3.1. SGLT2 Inhibitor Therapy
At baseline, only 17 (5%) patients were already taking SGLT2i: 11 with HfrEF, three with HfmrEF, and three with HfpEF. After baseline evaluation, SGLT2i was prescribed to 224 (64%) patients. This encompassed 179 (84%) with HfrEF, 27 (46%) with HfmrEF/HfimpEF, and 18 (23%) with HfpEF/HfimpEF. Dapagliflozin was prescribed to 187 (83%) patients, empagliflozin to 35 (16%), and canagliflozin to 2 (1%). Notably, canagliflozin was the preferred choice by diabetologists before the study’s onset for diabetes-afflicted patients with an LVEF > 40%, coupled with compromised renal function and proteinuria. Patients with HfmrEF/HfpEF/HfimpEF less frequently received a prescription of SGLT2i. Patients with HfmrEF/HfpEF/HfimpEF were more frequently diabetic than HfrEF (67% vs. 31%).
After 6 to 12 months of follow-up, only 7 of 224 patients discontinued SGLT2i due to hypotension (2), acute kidney injury (1), intolerance (2), and urinary tract infection (2). Figure 1 shows the main classes of drugs prescribed at baseline.

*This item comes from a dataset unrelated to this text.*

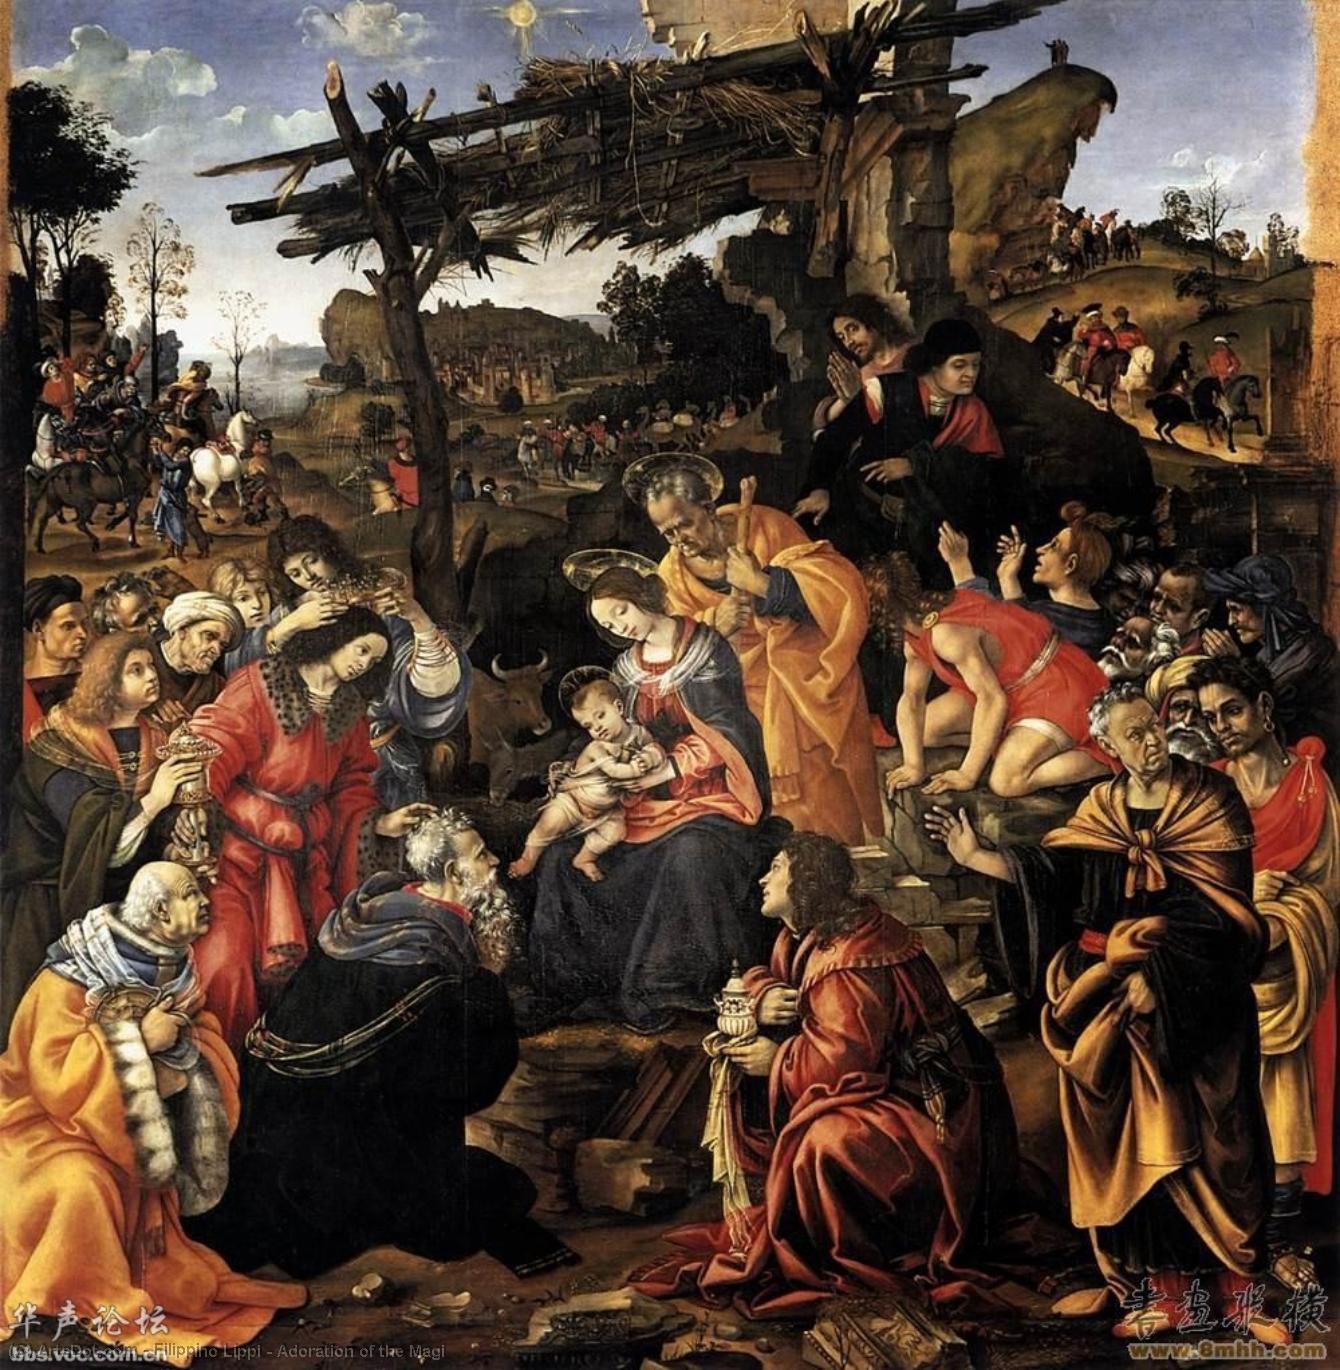 WikiOO.org - Enciclopédia das Belas Artes - Pintura, Arte por Filippino Lippi - Adoration of the Magi

In Table 2, the clinical characteristics of patients receiving empagliflozin and dapagliflozin are shown separately for the group of HfrEF and HfmrEF/HfpEF/HfimpEF patients.
3.2. Changes in Patients with SGLT2 Inhibitor Therapy
As depicted in Table 3, among all patients to whom SGLT2i was prescribed at baseline, there was a significant reduction in weight, systolic arterial pressure, and NYHA class, as well as a minor but notable increase in serum creatinine levels. Furthermore, a significantly larger proportion of patients were taking ARNi during the follow-up. Concurrently, there was a significant drop in the percentage of patients on ACEi/ARBs and diuretics. No discernible differences emerged in the administration of beta-blockers and MRAs.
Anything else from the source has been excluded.